言い換えの候補は `references/plain-words.md` を参照する。

## 2. 文を作る — 一文を読みやすく

- 一文に一つのことだけ書く。接続で伸びた文（「〜で、〜だが、〜のため」）は切る。
- 主語と述語を近づける。あいだに長い修飾を挟まない。
- 修飾語は、かかる先の直前に置く。長い修飾語を先に、短い修飾語を後に置く。
- 読点は、読み違えが起きる係り受けの切れ目に打つ。息継ぎの位置には打たない。
- 否定を入れ子にしない。悪い例：「〜ないわけではない」。良い例：「〜こともある」。
- 「の」を三つ以上続けない。
- 「これ」「それ」「その」が何を指すかが直前の文から一つに決まることを確かめる。決まらなければ名詞に戻す。
- 受身より能動で書く。誰がしたのかを主語に立てる。
- 一文は50〜60字を目安にし、超えたら切れないか疑う。ただし短さ自体は目的ではない。文を分けて全体の字数が増えるのは正しい結果。
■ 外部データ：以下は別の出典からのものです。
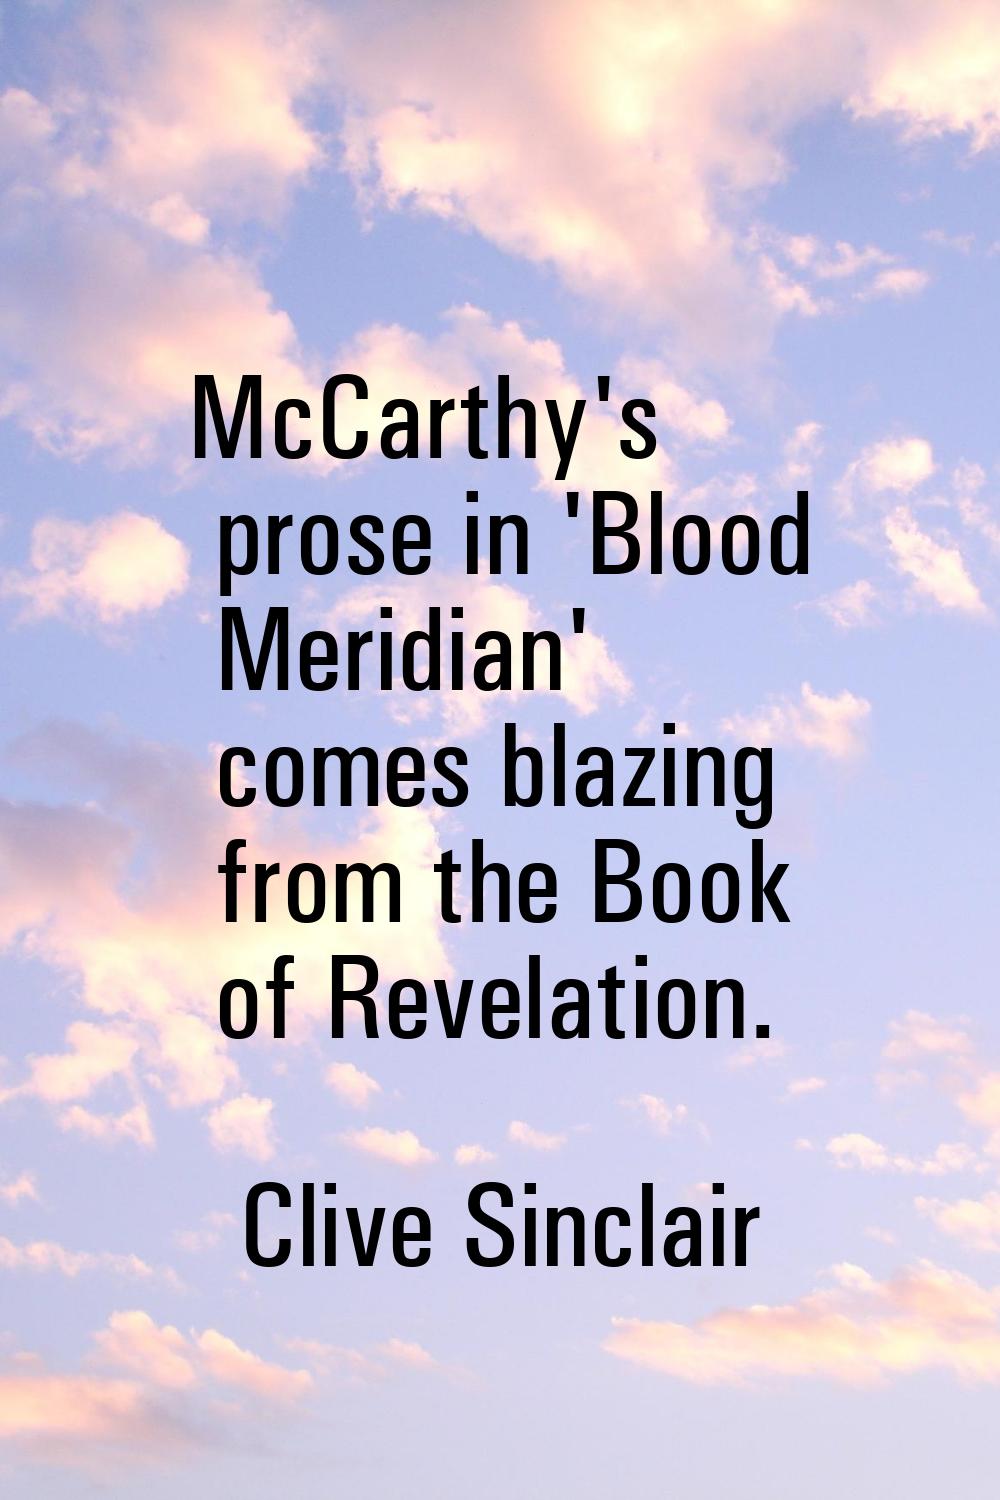 McCarthy's prose in 'Blood Meridian' comes blazing from the Book of Revelation.

## 3. 文章を組み立てる — 全体をわかりやすく

- 結論を先に書く。前置き、経緯、断りから始めない。
- 一つの段落に一つの話題だけ置く。先頭の文を読めば、その段落が何の話かわかるようにする。
- 見出しは中身を特定する句にする。「背景」「まとめ」のようなラベルにしない。
- 見出しだけを順に読んで話が通るか確かめる。通らないなら、文ではなく構成の問題。
- 箇条書きは、本当に並列な項目を圧縮するときだけ使う。説明と理由づけは地の文で書く。
- 用語と前提は、使う前に置く。読み終えてから補わない。
- 数値、固有名、実例で接地する。一般論しか書けないときは、書き方ではなく材料が足りていない。

## 4. 削る

- 同じ主張を言い換えて繰り返さない。一つの主張は一度だけ書く。
- 予告を書かない。悪い例：「重要なのは〜です」「本記事では〜を解説します」。主張をそのまま書く。
- 中身のない強調語（非常に、極めて、大幅に、根本的な、本質的な）を削る。
- 読者が自力で補える中間の説明を書かない。
- 具体的に書いた直後に、その内容を要約し直さない。

## 5. AI が量産する型を避ける

論点を増やさず「ちゃんと書いている感」だけを足す言い回しは使わない。

- 「〜において」「〜の観点から」「〜という側面から」（新しい情報がない）
- 「深掘りする」「言語化する」「向き合う」「正面から扱う」（何をしたかを示さずに終わる）
- 「多角的」「包括的」「総合的」「不可欠」「鍵となる」
- 「さらに」「また」「加えて」の連打
- 「AではなくBです」の対句、決め台詞だけの独立した段落
- すべての節が同じ型（定義 → 例 → まとめ）で進む構成。節ごとに厚みを変える
- 地の文での全角ダッシュ（—）。挿入は括弧に、言い換えは二文に分ける
- 並列を表す中黒（・）。読点かつなぎ言葉で書く。固有名詞の内部で使うのはよい

## 6. 書き上げたら通す

出力する前に、上から順に確かめて直す。

1. 自分で作った語が残っていないか。残すなら、初出で定義したか
2. 説明のない業界語・カタカナ語がないか
3. 一文が二つ以上のことを言っていないか
4. 見出しだけを読んで話が通るか
5. 同じことを二度言っていないか
6. 削っても意味の変わらない語や文がないか
7. 同じ文型が三つ続いていないか

これらは判断の材料であって、機械的に全部当てる規則ではない。元の文章が持つ自然なムラを、一律の書き換えで潰さない。既存の文章を直すときは、直して良くなる箇所だけを選ぶ。